The Importance of Feeling Part of a Community for Emotional Well-being

This Friday I was listening to Thought For The Day on the Today programme. It was Rabbi Lord Jonathan Sacks speaking and his theme really caught my interest. He referred to the work of Susan Pinker, who had visited an Italian village to explore why it had more people living over 100 years of age than anywhere else in the world. She discovered that although poor and living in harsh circumstances they lived in a close knit community where no-one was alone as family and friends where all there to offer support and contact. No-one was left alone for long. As a result of this close emotional and physical contact the body’s natural response is to release oxytocin, endorphins and neuro-peptides that support the immune system and aid recovery. In contrast isolation increases stress and reduces life expectancy.

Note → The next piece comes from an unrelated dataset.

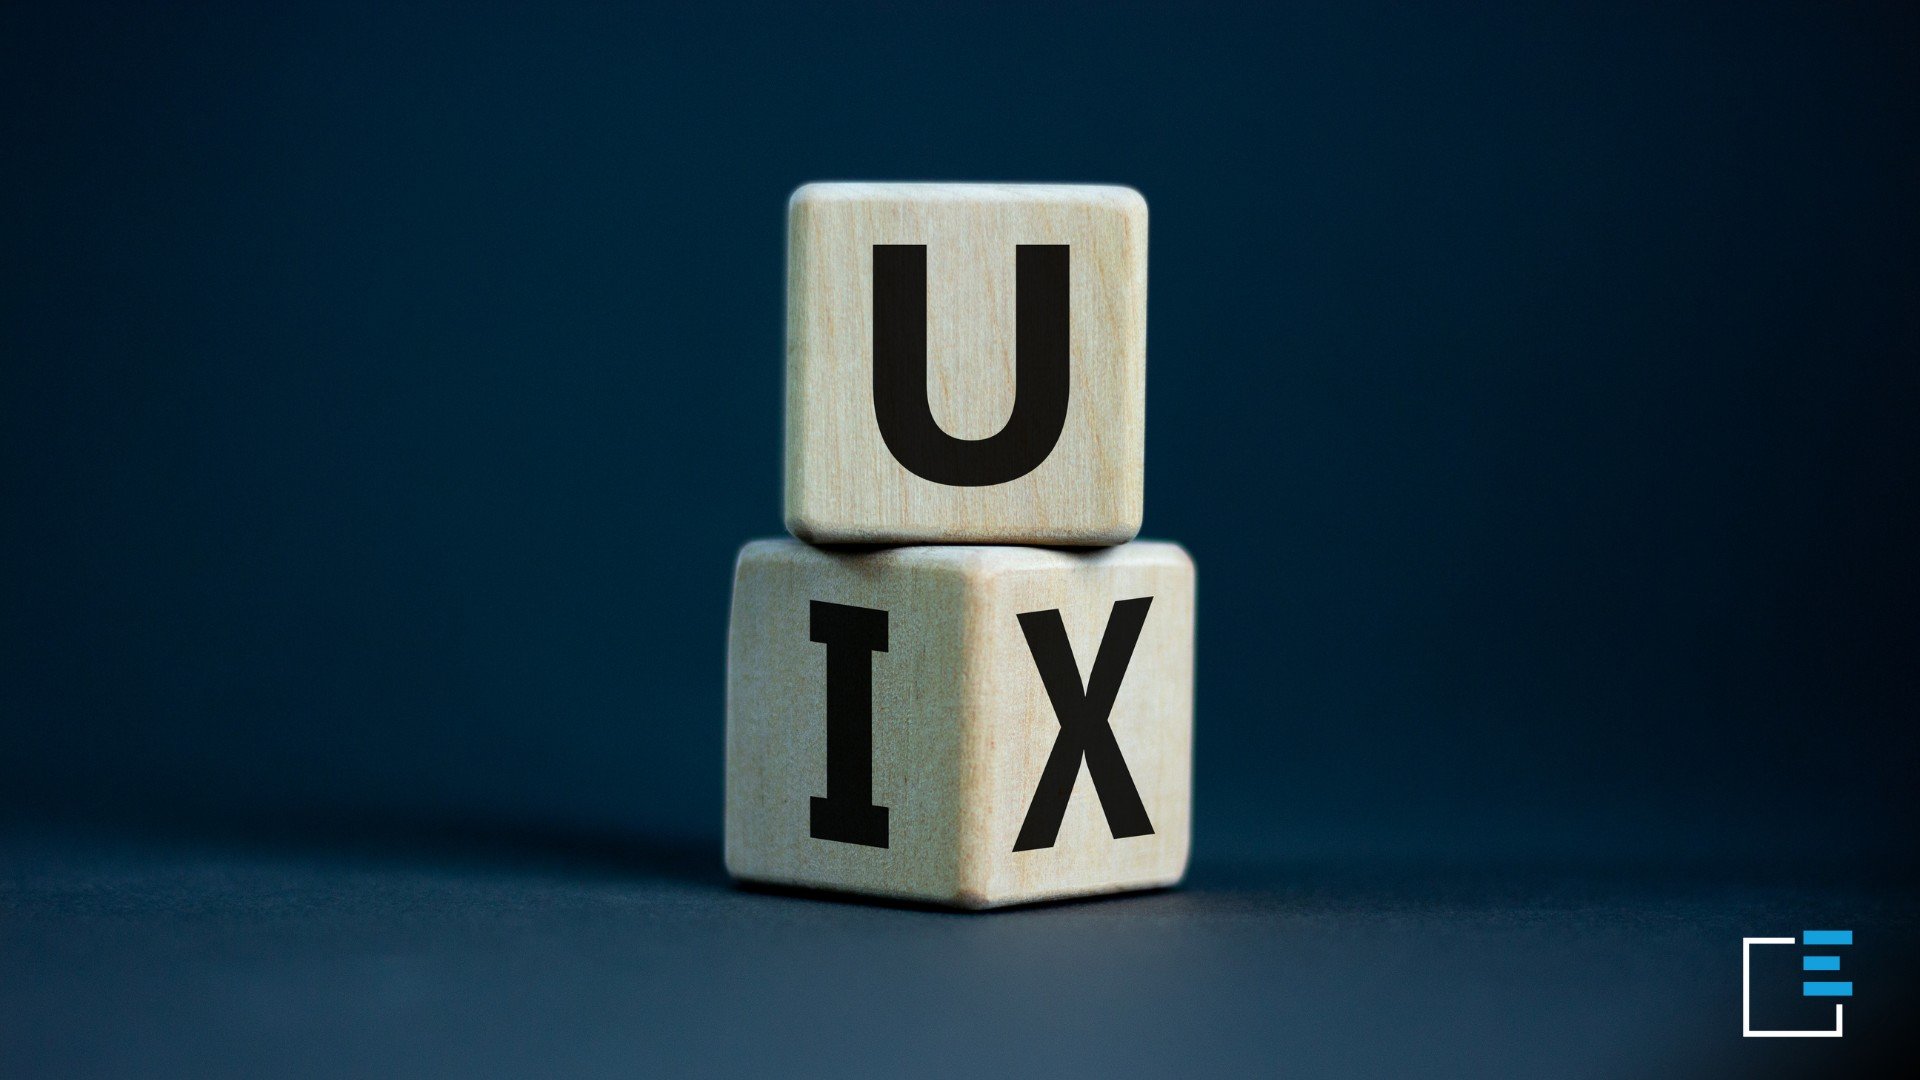 The importance of UX and UI design in website creation

This village in Sardinia is an example of how we lived before industrialisation, consisting of shepherds and farmers and extended families living close together. With industrialisation close knit extended family groups started atomising into isolated family units living in separate houses increasingly far apart from each other. So that now the old are no longer mixing with the young, but are put into homes, lined up in chairs like tomb stones. But, in the early stages of industrialisation people still had their community around them, people they would chat with: friends in the street or meet at discussion groups, parties and social events. In our modern post-industrial service economy technological world families now live scattered across continents and although technology has given us a means of being in touch with innumerable people many of us have little real connection with others.  It is as if we have retreated into a virtual world of connections. Our friends are icons on a screen and words typed silently from within our head, their reply taken in as silent symbols representing speech which are turned into words silently in our brain.

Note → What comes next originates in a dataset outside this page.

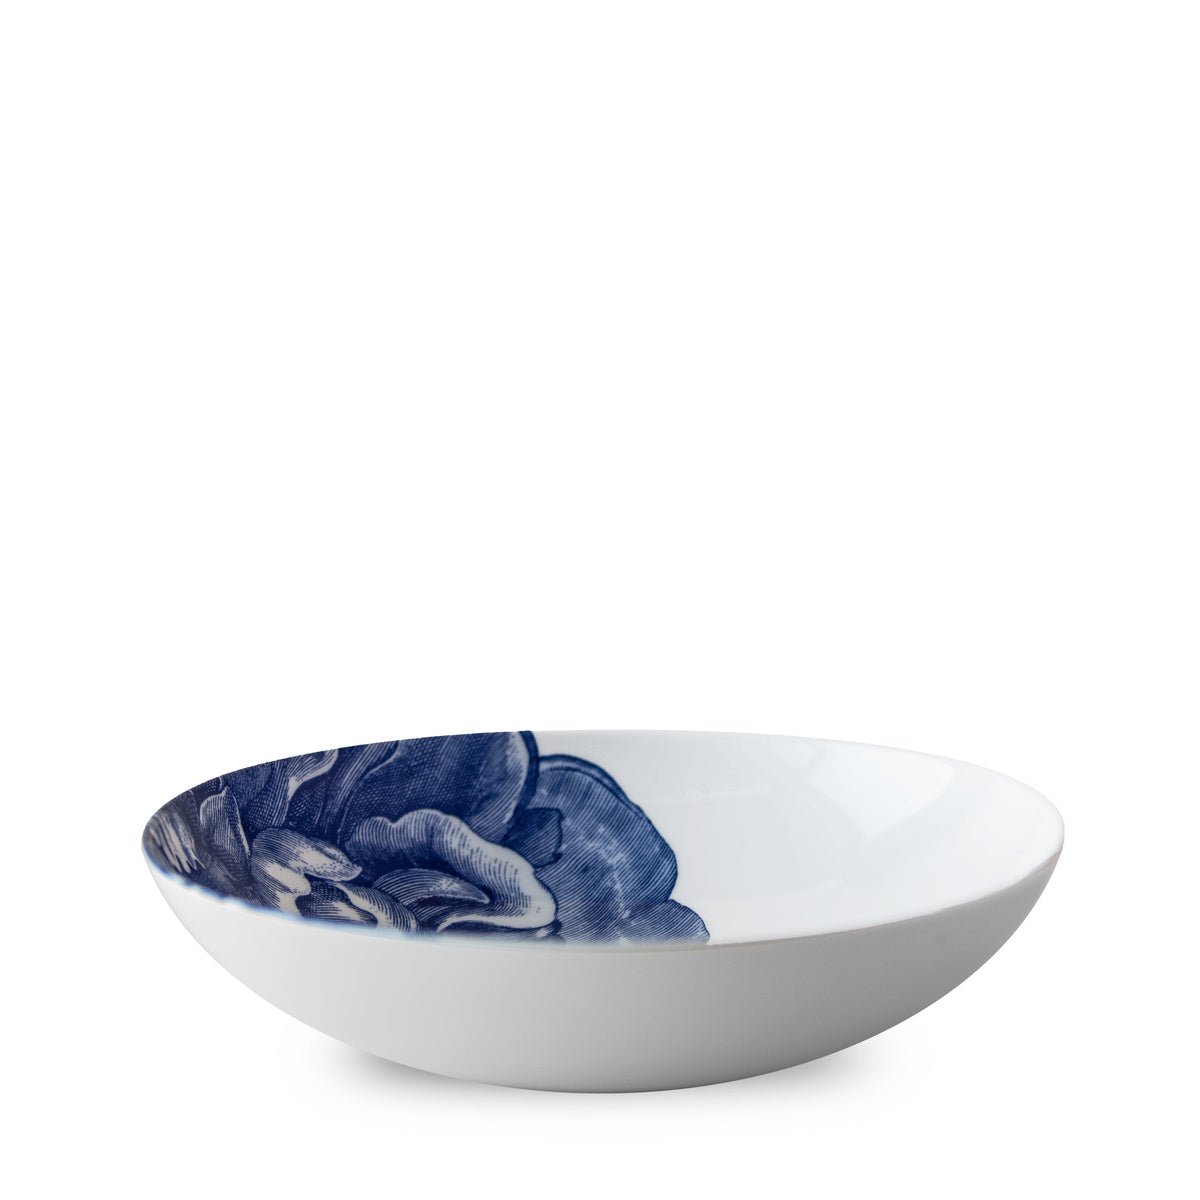 Premium Peony Coupe Soup Bowl with a blue floral pattern on the interior, isolated on a white background by Caskata Artisanal Home.

E.M. Forster brilliantly foretold this dystopian future in his short story ‘The Machine Stops’, which is an amazingly prescient imagining of a world where real human connection has all but died and humans only connect via a screen. Written in 1909 it imagines a world where humans have retreated to underground cities, due to the earth above being for some unspecified reason no longer being habitable. Here they live in isolated rooms, never leaving and communicating only through the technology that sustains their lives: the machine. In one quote Forster states: “The clumsy system of public gatherings had been long since abandoned; neither Vashti (a lecturer and mother of the hero of the story) nor her audience stirred from their rooms.” The people who lived in the machine no longer communicated face to face but from monitor to monitor. Talking through the machine that supports their lives, her son says to her: “I want to see you not through the machine,” said Kuno. “I want to speak to you not through the wearisome Machine.” “Oh Hush!”, said his mother, vaguely shocked. “You mustn’t say anything against the machine.”  Decades before computers existed Forster imagined the internet and a world of disconnected intellects, living isolated in their room whilst connected to many thousands: “People never touched one another. The custom had become obsolete, owing to the Machine.”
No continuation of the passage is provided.